On 27 Nov 2013, at 10:43 pm, Quincey Morris 
<quinceymor...@rivergatesoftware.com> wrote:

> FWIW I would say: right diagnosis, wrong solution.
> 
> What on earth is going on with your app(s) that requires preferences to be 
> deleted? If, after all these years of your being a very accomplished 
> developer, your apps aren’t robust enough to deal with unusable or 
> inconsistent values in prefs — or, more to the point, put the prefs into such 
> a state to begin with — then I humbly suggest you treat that as a major bug, 
> and fix it.

Absolutely correct, and we have very diligently done this whenever it has 
arisen.

> 
> Is there a genuine reason why you can’t robustify your app’s dealings with 
> preferences, and avoid the entire problem of deleting them?

The point is, if we could predict all bugs, they wouldn’t be there.

We’ve had rare cases in the past where a prefs file has caused an issue. 
Obviously we did not anticipate it, otherwise it would have been discovered in 
testing and fixed before it got out into the wild, but we know that nobody’s 
perfect, and not every case can be tested for. Therefore we approach things 
with the cautious knowledge that no matter how hard we try, there will always 
be bugs. Since we’ve experienced bugs caused by prefs in the past, it’s not 
impossible that there could be other bugs triggered by bad prefs in the future. 
We need to have something up our sleeves if that occurs (like having a fire 
department). Deleting the prefs file has been an acceptable solution in the 
past because we know it’s super-rare that it’s needed. We always follow up 
where we can and find out the real cause and fix it, so these problems are 
virtually non-existent now, but we can’t be 100% certain.

One of the things that our app allows is that the user can build vector 
“styles” in pretty much any way that they can imagine. It means that there are 
literally billions of combinations. Each tool in the app might be working with 
any style at any time, and as a courtesy to the user we save the tool’s style 
data in the prefs so they can pick up where they left off. When we’ve had a 
problem with prefs, it’s usually turned out to be a user-built style that 
contains crazy values.
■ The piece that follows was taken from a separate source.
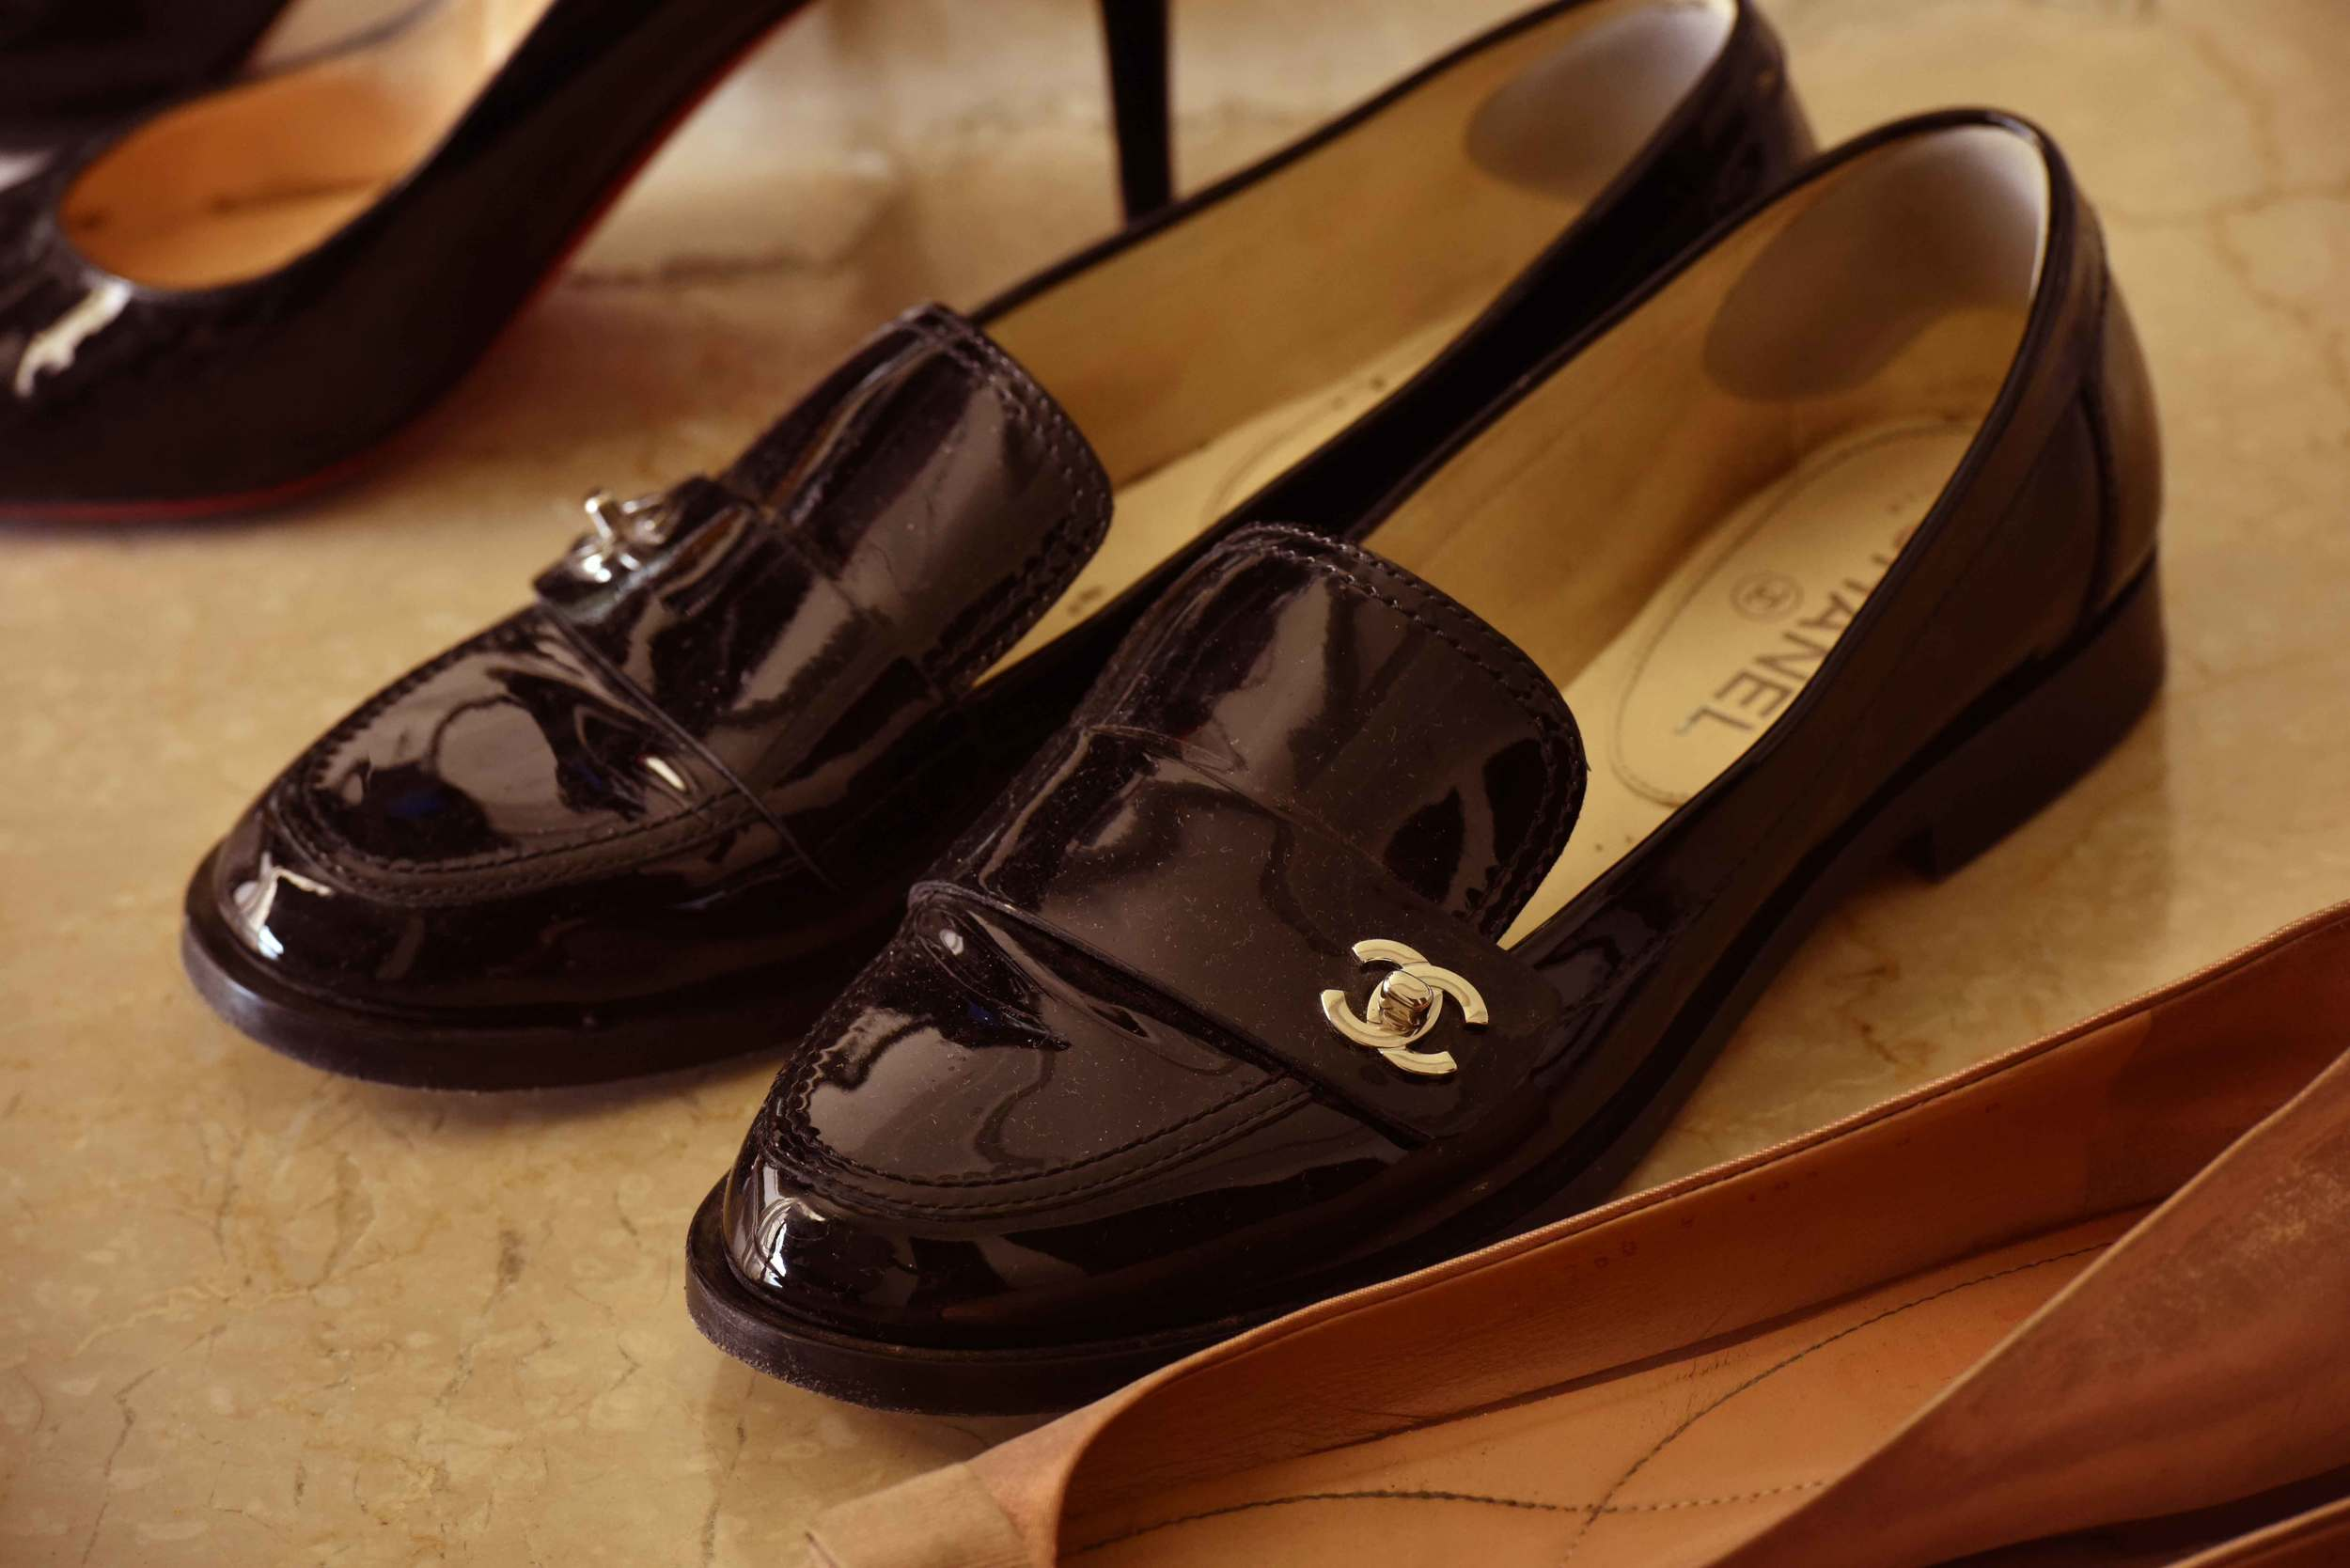 Ferragamo ballet flats, Chanel loafers and Loubitons. Image©gunjanvirk

We’ve worked extremely hard to make sure “crazy” values 
are impossible, but you can only make an app foolproof, not damn fool proof, 
and occasionally something totally unanticipated slips through. These days such 
occurrences are very rare, but as I say, we can’t guarantee there is certainty, 
given the sheer number of combinations making it impossible to test them 
exhaustively.

But the other reason it’s nice to have a quick way to restore the original 
defaults is in development and testing itself, so that a “clean install” can be 
tested as well as an update where an existing set of prefs needs to be 
considered. In this case the command line is fine, but clicking a button even 
better. Even developers and testers like an easy life.